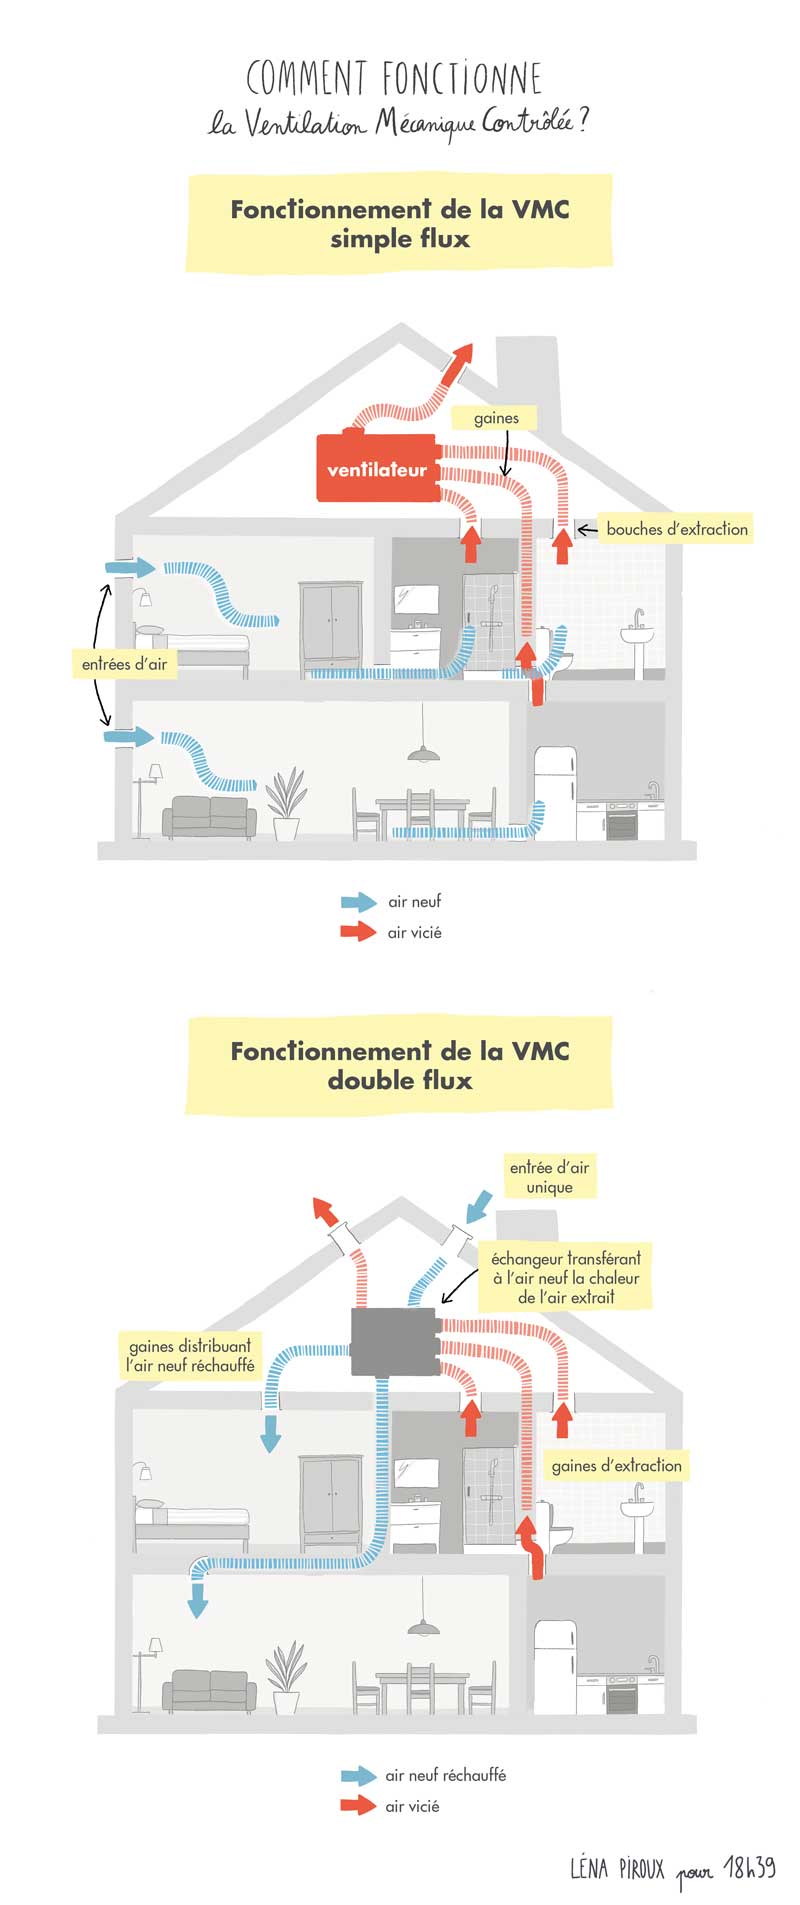 Comment fonctionne une VMC double flux ?
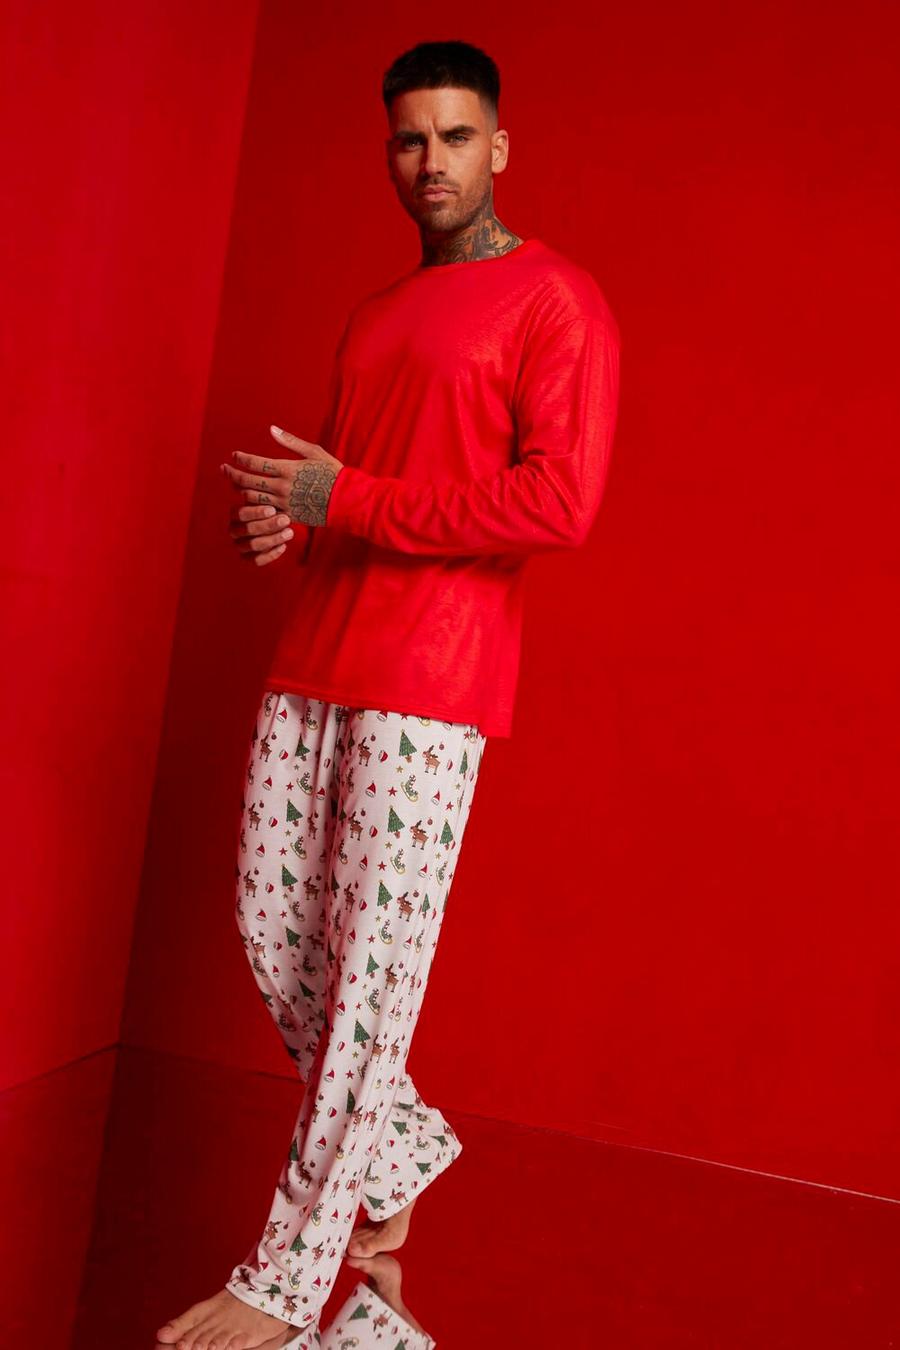 Pijama de hombre con estampado de gorros de Papá Noel, Red rosso
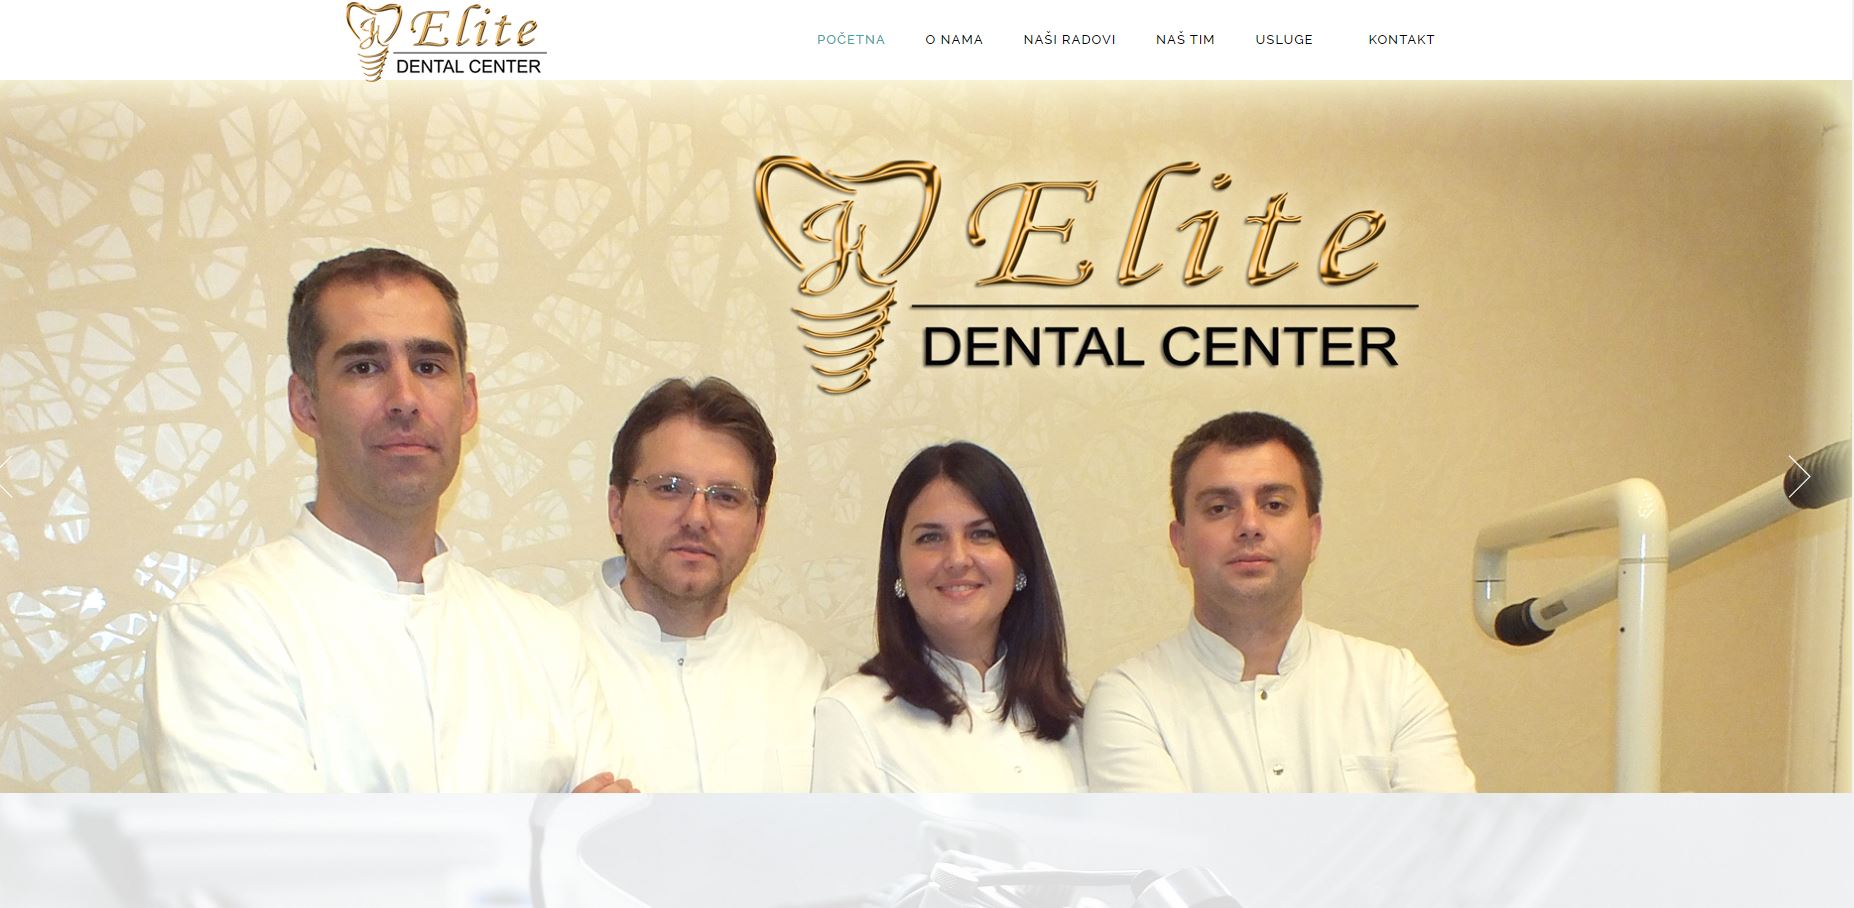 Elite Dental Center
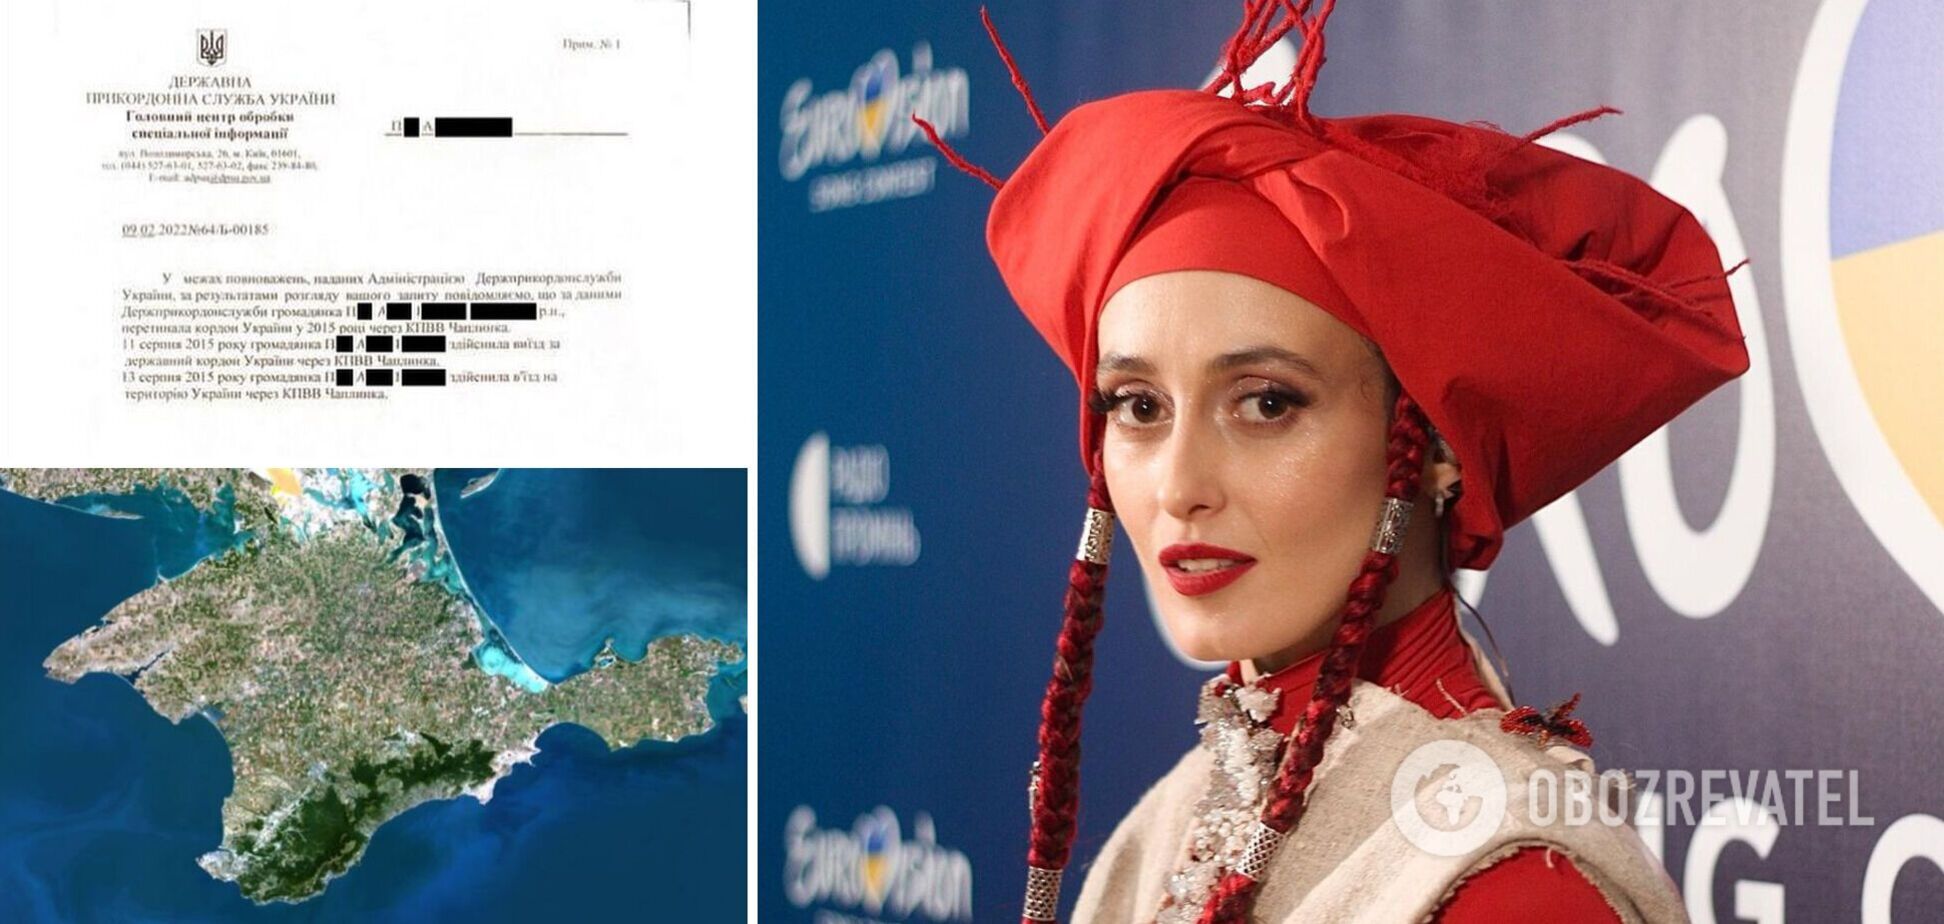 Alina Pash уличили в подделке документов о въезде в Крым. 'Суспільне' срочно обратилось к ГПСУ
□ □ □ □
Your reply should consist of the data, transcribed exactly, and should hold no pictures.

Response to this exercise ->
 Comment fonctionne une VMC double flux ?
 Pijama de hombre con estampado de gorros de Papá Noel, Red rosso
 Elite Dental Center
 Alina Pash уличили в подделке документов о въезде в Крым. 'Суспільне' срочно обратилось к ГПСУ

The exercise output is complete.